» **Supplied material**:
== Segment start ==

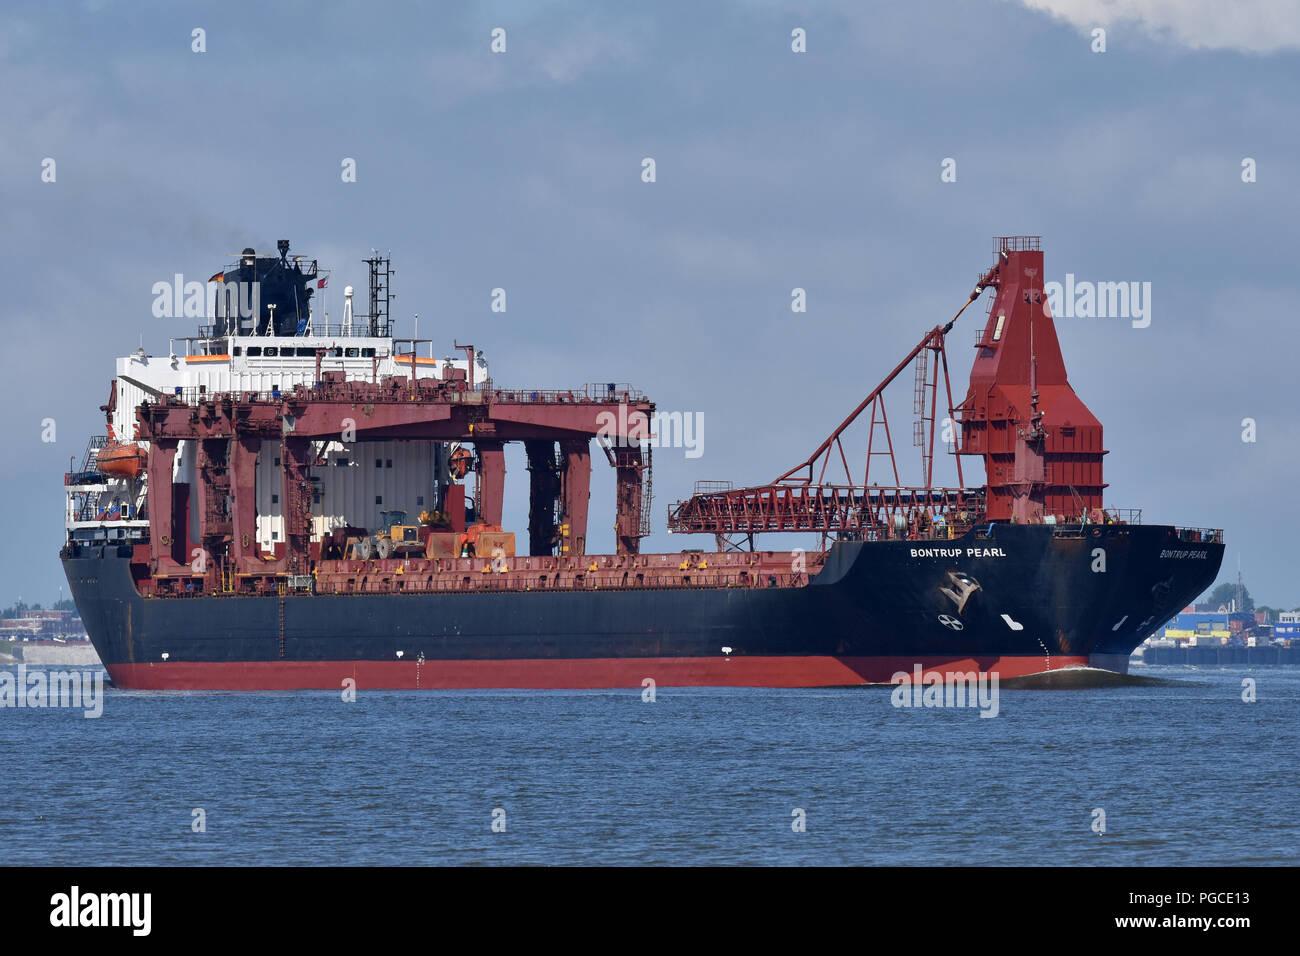 Self-Discharging Bulk-Carrier Bontrup Pearl Stock Photo
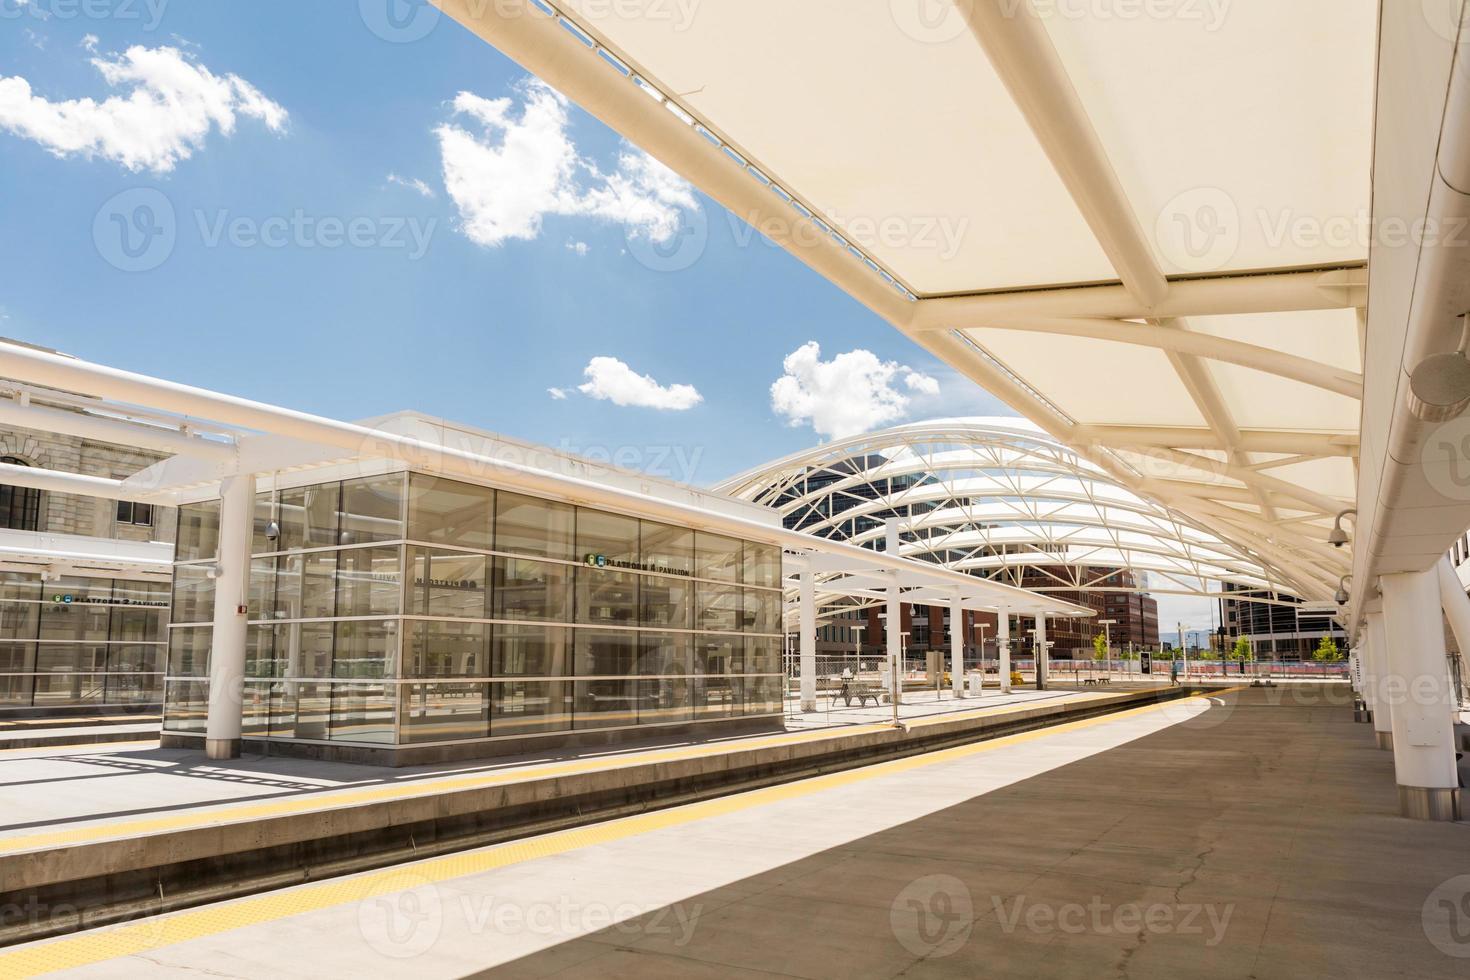 Union Station photo
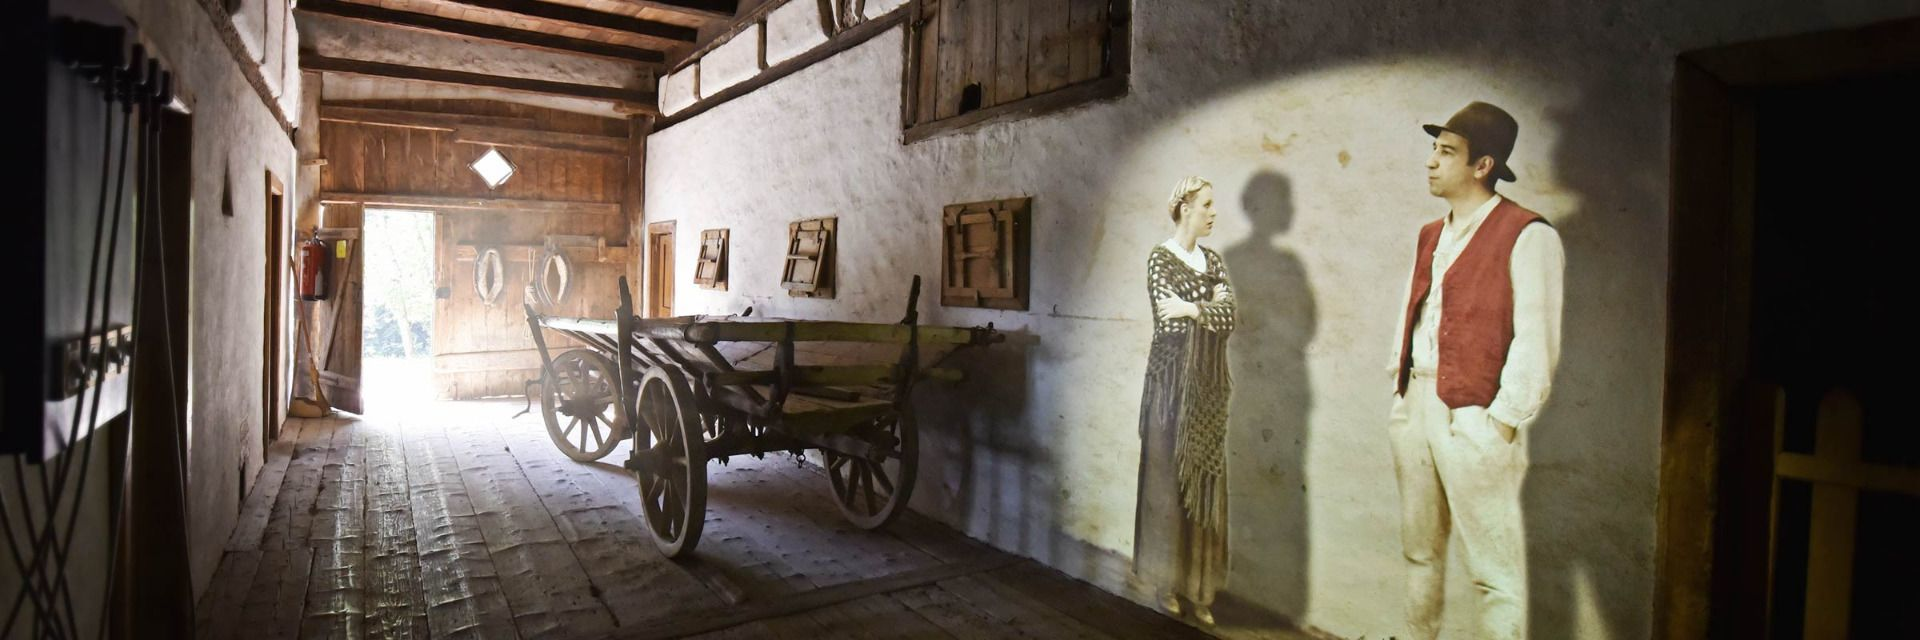 Museum Tiroler Bauernhöfe

== Segment end ==

» **About this task**: Give the data again exactly, image-free.

» **Written response**:
 Self-Discharging Bulk-Carrier Bontrup Pearl Stock Photo
 Union Station photo
 Museum Tiroler Bauernhöfe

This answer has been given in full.